Biovitagen mengandung nutrisi berkualitas tinggi yang sangat dibutuhkan udang seperti asam-asam amino essensial, carophyl pink 8%, multivitamin, lecithine, colesterol, trace elemen serta anti stress ingredients.
Keunggulan :
Meningkatkan sistem kekebalan tubuh udang untuk melawan penyakit
Meningkatkan survival rate (SR) atau angka kehidupan rata-rata
Meningkatkan laju pertumbuhan, mempercepat penyembuhan penyakit
Membantu proses moulting (ganti kulit), menjaga agar pembentukan kulit berjalan normal
Mengatasi stress yang disebabkan oleh perubahan cuaca, pergantian pakan, transportasi serta pemberian therapi
Memenuhi kebutuhan mikro nutrisi untuk udang
Memiliki aroma yang kuat, hingga merangsang nafsu makan udang
Menjaga agar tubuh udang padat berisi (tidak gembos)

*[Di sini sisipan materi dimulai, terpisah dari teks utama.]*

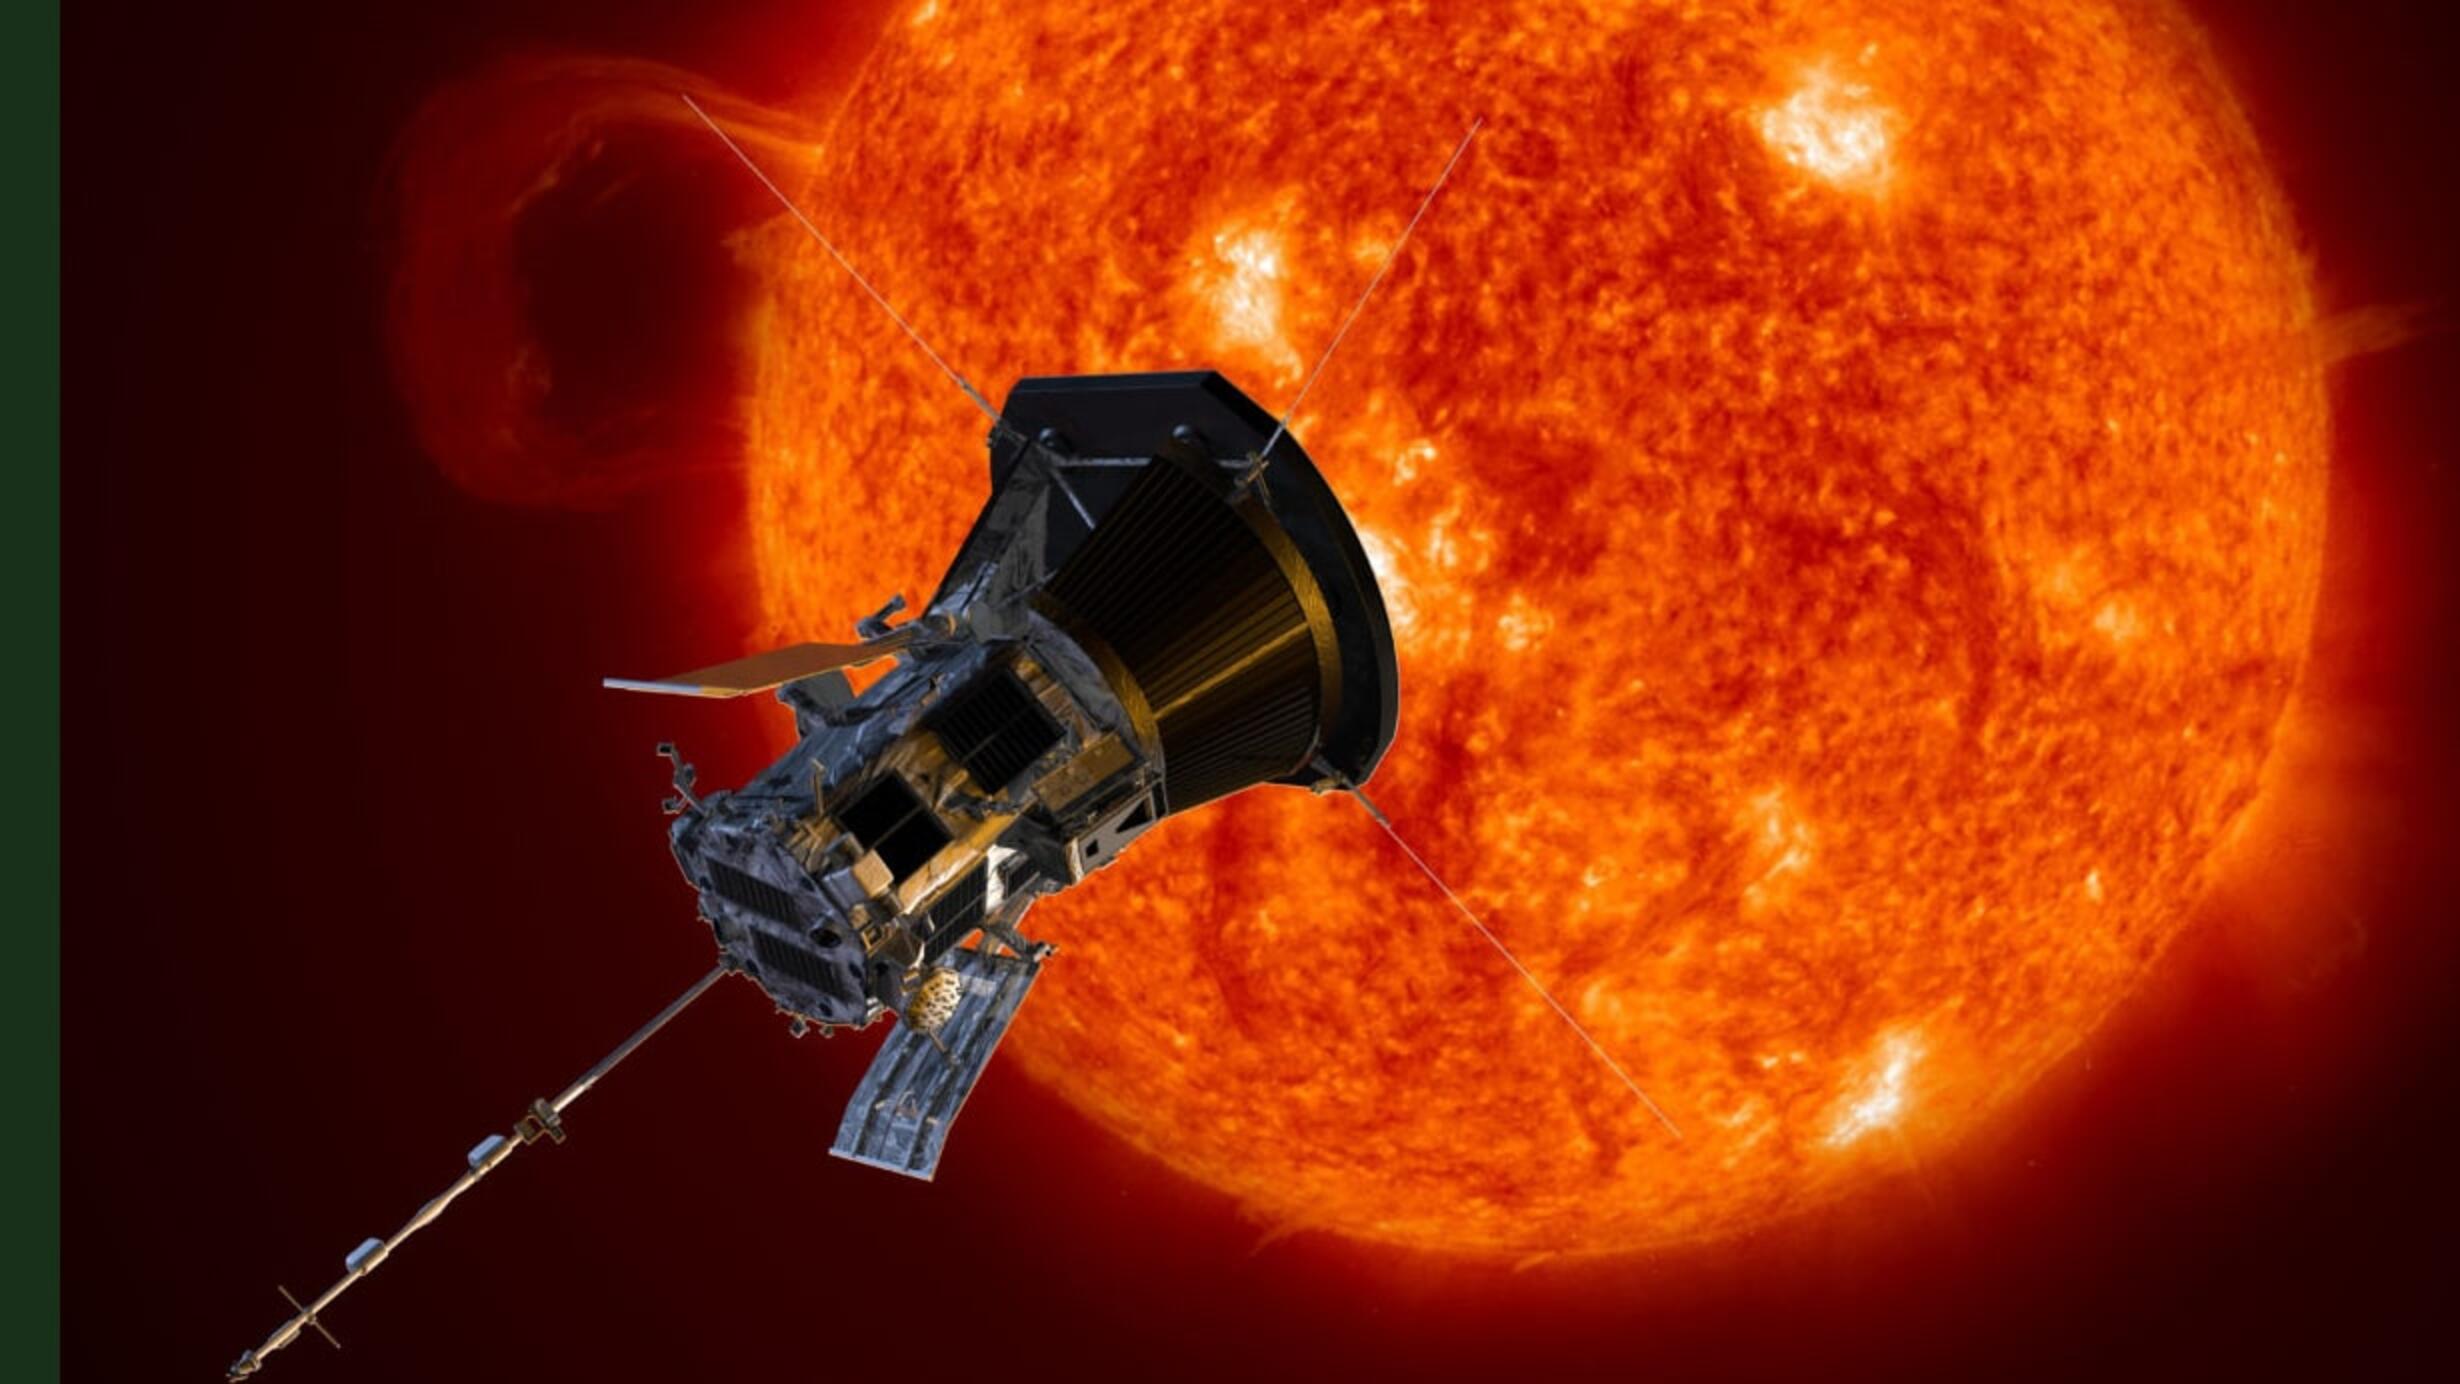 An artist rendition of NASA’s Parker Solar Probe. The spacecraft appears with the Sun depicted as a bright, flaming orb in the background.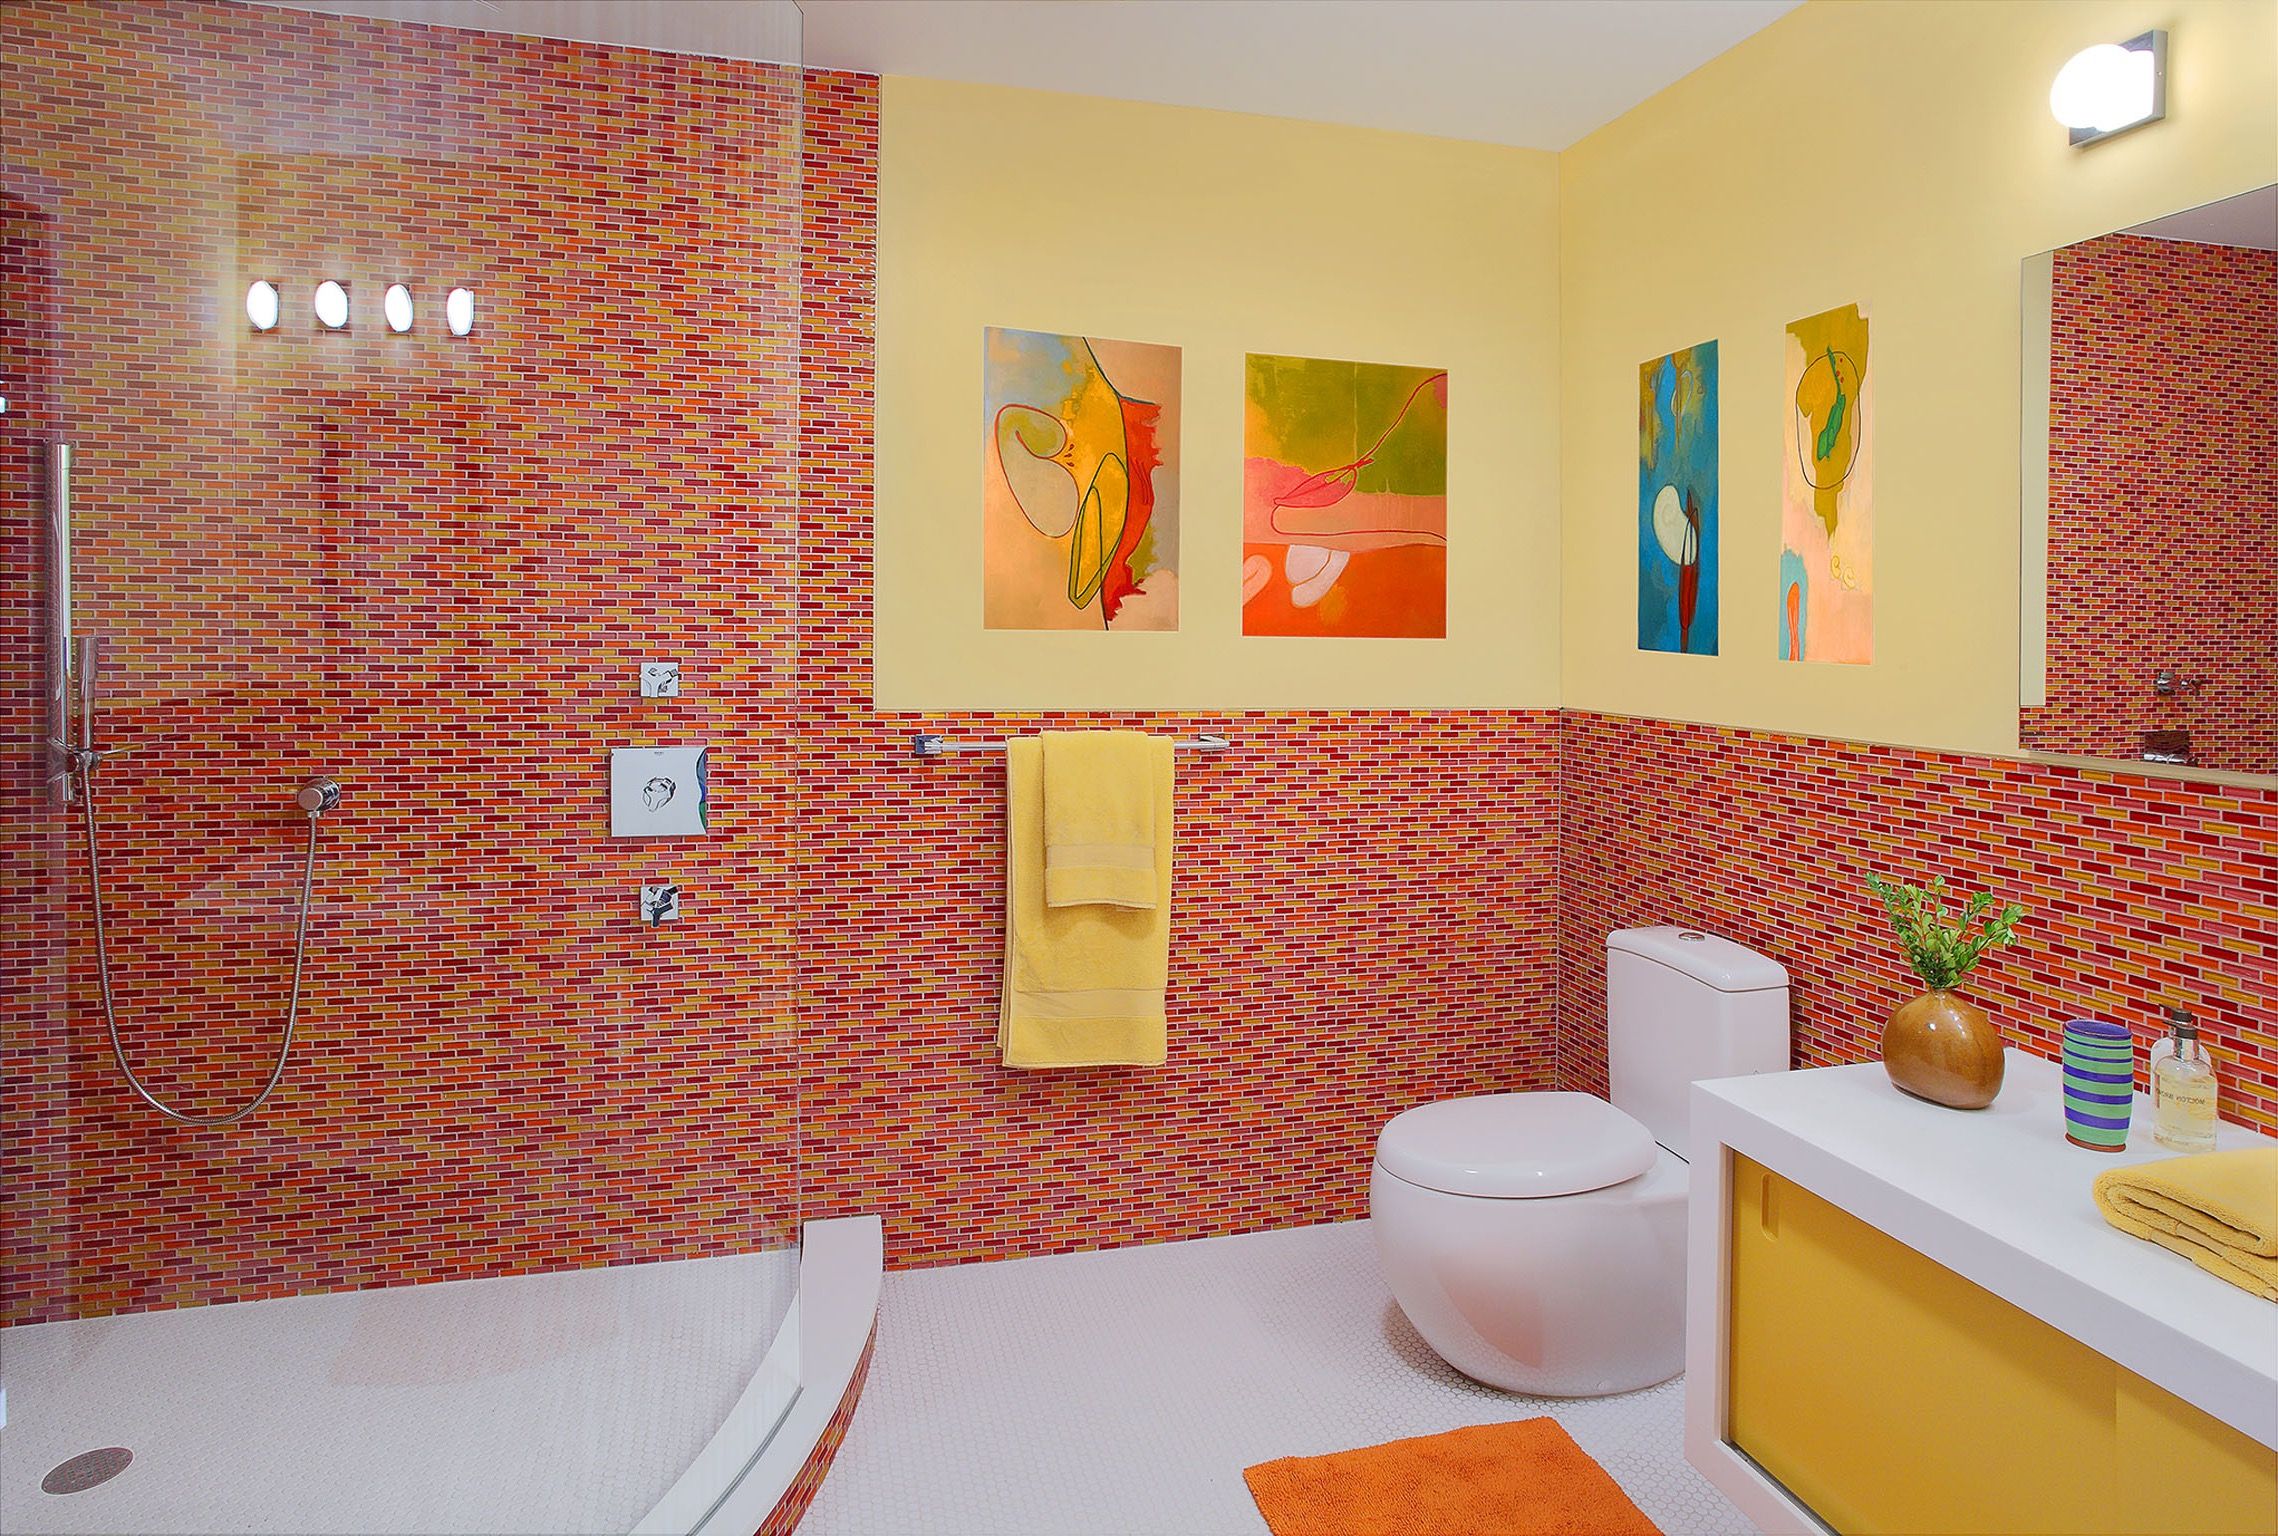 Cozy And Cute Bathroom Wall Decor With Colorful Ceramic Tiles (View 3 of 18)

Untuk Meningkatkan Survival Rate (SR) : Saat penebaran benur, taburkan lebih dulu 0,5 ppm Bio-Vitagen ke dalam petakan tambak, sebelum benur dilepaskan.
Untuk Anti stress : Saat udang mengalami stress (akibat pergantian air, therapi obat-obatan, perubahan cuaca, transportasi, dll) ditandai mengambangnya udang ke permukaan/ menempel di pinggir pematang.
Taburkan 0,5 ppm Biovitagen supaya dapat langsung diserap oleh udang untuk menghindari kematian sehingga perlu diaplikasi terutama di sekitar udang mengambang. Setelah itu baru dilakukan pergantian air atau aplikasi obat-obatan.
Untuk meningkatkan pertumbuhan : Campurkan Biovitagen ke dalam pakan sebanyak 3 gr/kg pakan. Diberikan 2x sehari sampai panen.
Untuk meningkatkan daya tahan udang Untuk meningkatkan antibodi udang terhadap penyakit, sebaiknya diberikan 5 gr Biovitagen per kg pakan. Diberikan 2x sehari (sore dan malam hari) selama beberapa hari. Setelah nafsu makan udang pulih, dosis bisa dikurangi menjadi 2-3 gr/kg.
Cara mencampur ke pakan : Biovitagen dilarutkan dengan air secukupnya (200 ml/ kg pakan) lalu dibibis merata ke dalam pakan, biarkan 15 – 20 menit (jgn terkena sinar matahari) sampai benar-benar meresap.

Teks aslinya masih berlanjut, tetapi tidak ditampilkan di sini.